Much that I heard cannot be told in print – everyone who could speak a word of English wanted to tell their story and every story was one of terrible experiences.

When the British entered the camp the emaciated bodies of the starved dead were piled around – 17,000 skeletonised bodies had accumulated. And living skeletons were tottering about until they, too, laid their bodies with the lifeless.

The fury of our troops was aroused at what they found and SS men and women guards captured at the camp were made to work with bare hands and without respite collecting the bodies of the dead and burying them in mass graves. These SS men who had shown no pity to their prisoners were shown none by our troops and they were made to work at the graves until they collapsed in extremity.

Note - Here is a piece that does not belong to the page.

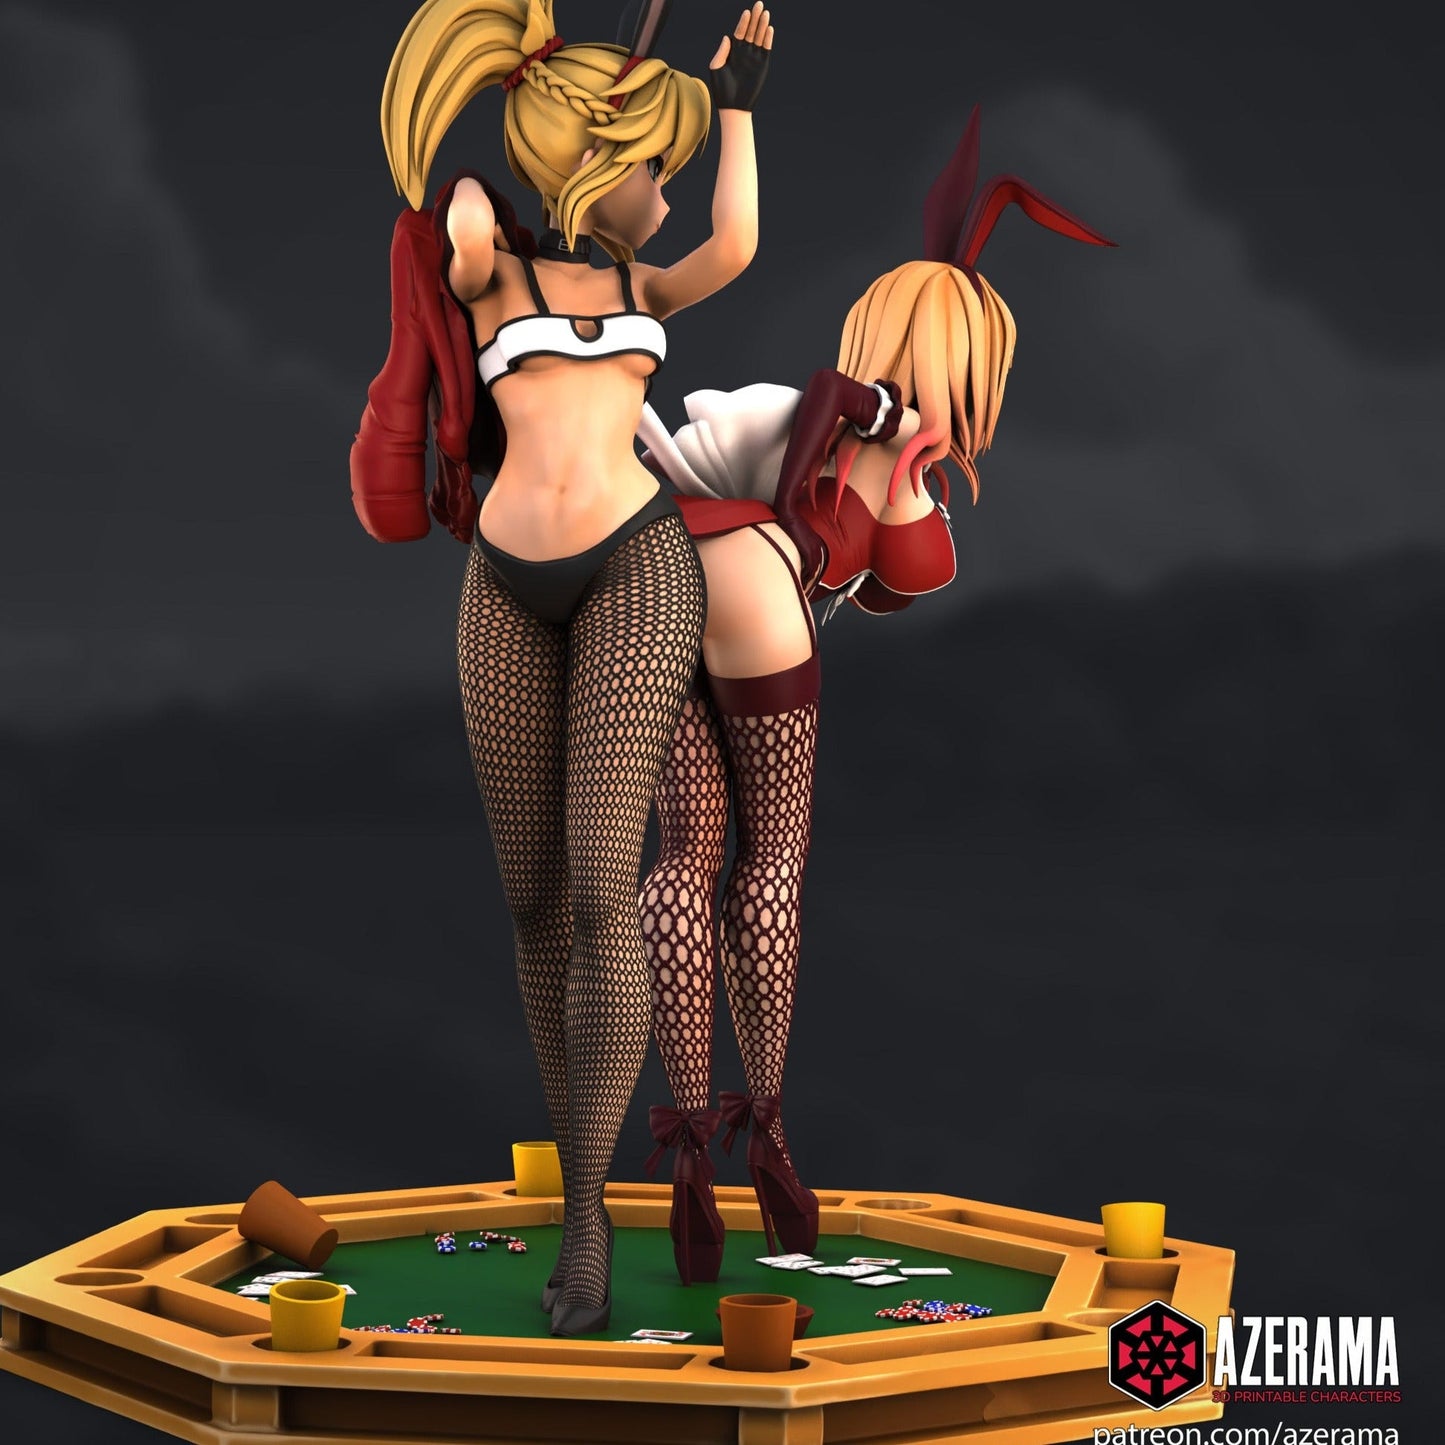 Resin Model Kit Bunny girls Mordred and Marin 3d Printed Figurine Collectable Fanart DIY by Azerama

The area of this “town” of huts was so vast that I drove around in a car and only saw part of it in an hour. The mass graves were being marked with notice boards and I stopped to read one: “Grave No 8. 1,000 bodies. April 30, 1945.”

Most of the women I saw in the camp had been fitted out with shoes and clothing requisitioned from German homes within a wide radius of the camp. There were a few men and women still in their prison stripes awaiting their turn for other clothes. To the end of my days I never want to see again black-and-white striped material, as it is indelibly associated in my mind with these unhappy people and this awful place.

The German guards had provided no proper water supply to the camp, so cleanliness had to be abandoned. There was no sanitary system, so a state of filth arose and the stench was still noticeable on my visit – but nothing as bad as it had been. Our soldiers had vomited as they tackled the task of clearing up.

Everywhere in the camp I saw grateful, thankful eyes following the British khaki uniforms. The pale, drawn faces could not show much expression, but the eyes that had seen so many horrors were eloquent in their depth of relief and gratitude.

Here in beautiful natural surroundings was Belsen – one of the blackest spots ever seen on earth and yet only one of the chain of extermination camps established by the controlling regime of the Greater German Reich.

I drove away from Belsen with harrowed feelings, and yet with a deep and burning anger against the Germans for perpetrating such outrages.

Not until after a bath in the German home where I was billeted did I feel outwardly cleansed. But the memory of Belsen can never be purged away from my mind.

Let us never forget that the extermination camp was part of the set-up of the German nation in its quest for world domination.

We must apply ourselves to the occupation of Germany until there is no possibility of these horrors being unleashed again. It will be a long task, for the Germans struck me as being an unregenerate nation.